Transcription factors (TFs) are key proteins involved in transcriptional regulation that modulate the rate of gene transcription through their specific binding at transcription factor binding sites (TFBSs). Hence, it is critical to accurately map TF-DNA interactions to understand gene regulation. Our group has been involved in the development and maintenance of key open-access resources and new computational methods to advance the mapping of TF-DNA interactions in genomes. For instance, we maintain the JASPAR (1) and UniBind (2, 3) databases to store high-quality TF binding profiles (JASPAR) and direct TF-DNA interactions (UniBind) across species.
While UniBind stores TFBSs predicted from ChIP-seq data, we aim to expand it with the prediction of TFBSs from open chromatin data (Dnase-seq and ATAC-seq). The candidate will participate in this effort by performing a benchmark of existing state-of-the-art method that predict TFBSs from DNase-seq and ATAC-seq data (e.g., HINT-ATAC (4), maxATAC (5), TAMC (6), and TRACE (7)). The results of the benchmark will identify the optimal method to process large-scale datasets of publicly available open chromatin data. The predictions obtained will expand the sets of TFBSs currently stored in UniBind. Finally, the candidate will explore the possibility of extending this project to the analysis of deep learning models applied to ATAC-seq data if time allows.

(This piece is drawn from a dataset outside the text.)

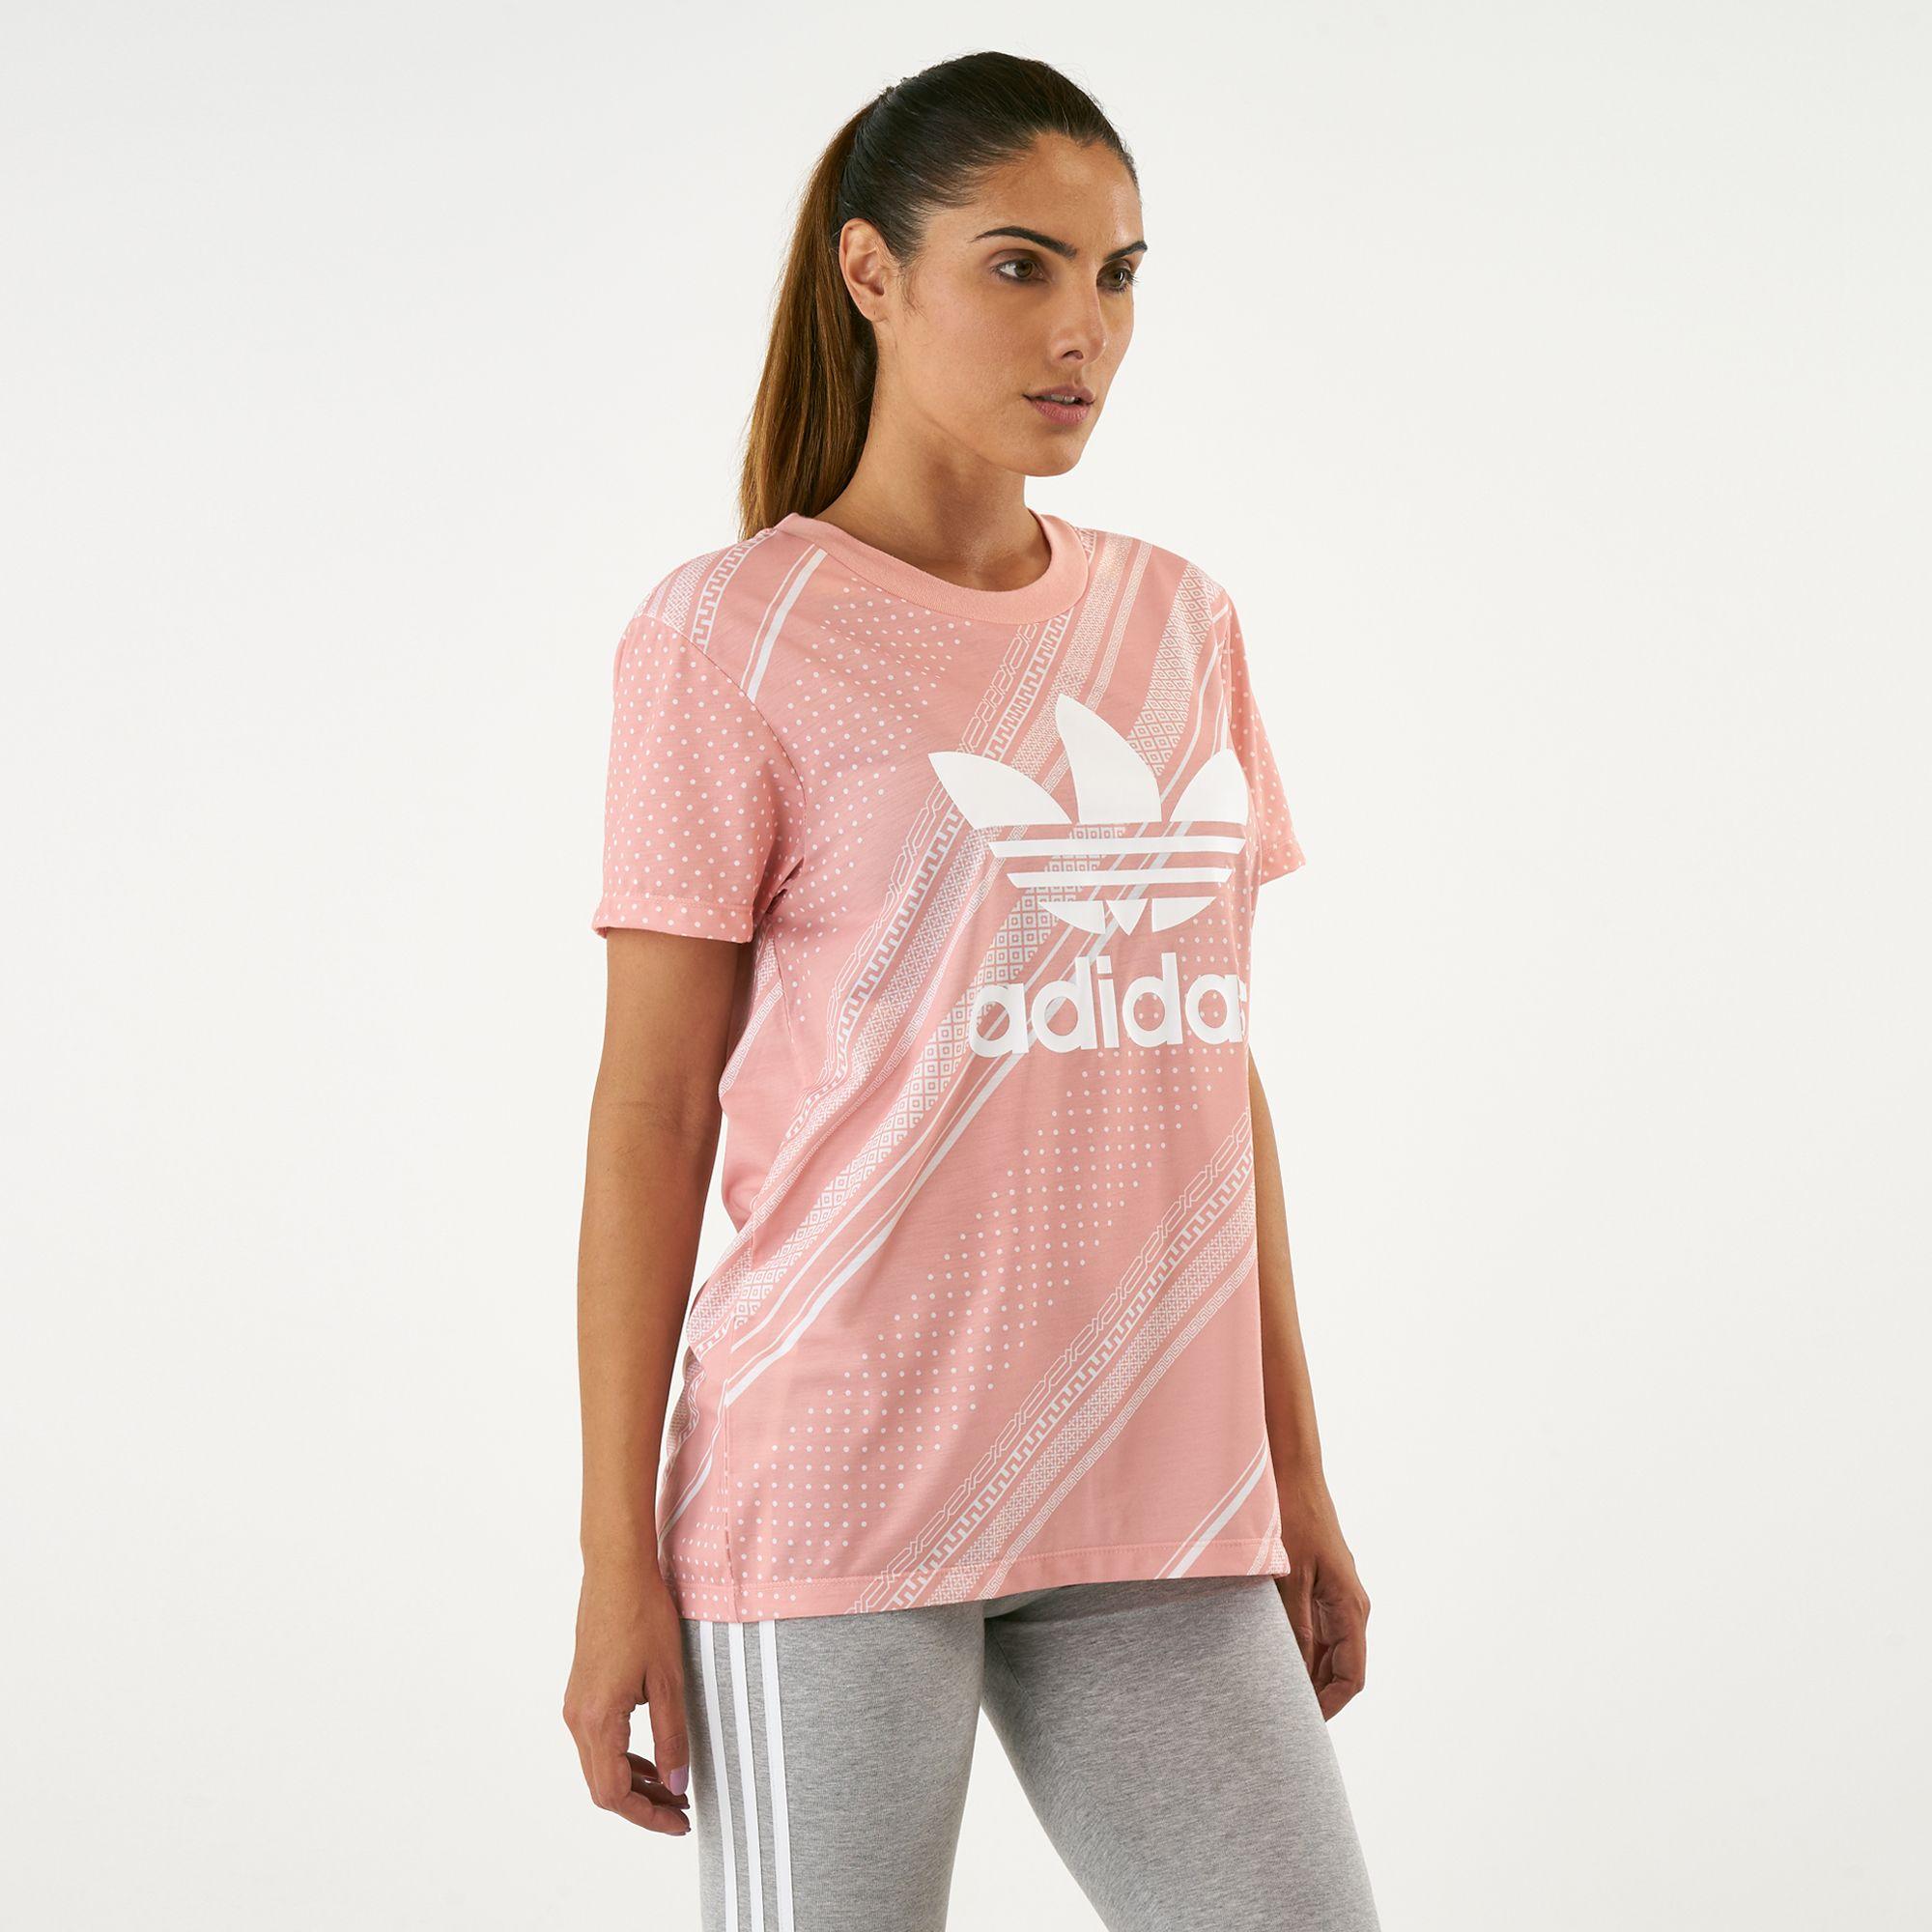 32bbc943 adidas Originals Women's Boyfriend Trefoil T-Shirt | T-Shirts | Tops ...

Advantageously, we have expertise in the in depth analyses of high-throughput ‘omics data dedicated to the analyses of transcriptional regulation and in the development of internationally renowned resources for the community. It will provide an optimal learning environment to the selected student. During the course of the project, the student will be exposed to software development and computational approaches for the management, analyses, and interpretation of large-scale, high-throughput sequencing data.
References:
1. Castro-Mondragon,J.A., Riudavets-Puig,R., Rauluseviciute,I., Berhanu Lemma,R., Turchi,L., Blanc-Mathieu,R., Lucas,J., Boddie,P., Khan,A., Manosalva Pérez,N., et al. (2022) JASPAR 2022: the 9th release of the open-access database of transcription factor binding profiles. Nucleic Acids Research, 50, D165–D173.
2. Gheorghe,M., Sandve,G.K., Khan,A., Chèneby,J., Ballester,B. and Mathelier,A. (2019) A map of direct TF–DNA interactions in the human genome. Nucleic Acids Res, 47, e21–e21.
3. Puig,R.R., Boddie,P., Khan,A., Castro-Mondragon,J.A. and Mathelier,A. (2021) UniBind: maps of high-confidence direct TF-DNA interactions across nine species. BMC Genomics, 22, 482.
4. Li,Z., Schulz,M.H., Look,T., Begemann,M., Zenke,M. and Costa,I.G. (2019) Identification of transcription factor binding sites using ATAC-seq. Genome Biology, 20, 45.
5. Cazares,T.A., Rizvi,F.W., Iyer,B., Chen,X., Kotliar,M., Bejjani,A.T., Wayman,J.A., Donmez,O., Wronowski,B., Parameswaran,S., et al. (2023) maxATAC: Genome-scale transcription-factor binding prediction from ATAC-seq with deep neural networks. PLOS Computational Biology, 19, e1010863.
6. Yang,T. and Henao,R. (2022) TAMC: A deep-learning approach to predict motif-centric transcriptional factor binding activity based on ATAC-seq profile. PLOS Computational Biology, 18, e1009921.
7. Ouyang,N. and Boyle,A.P. (2020) TRACE: transcription factor footprinting using chromatin accessibility data and DNA sequence. Genome Res., 30, 1040–1046.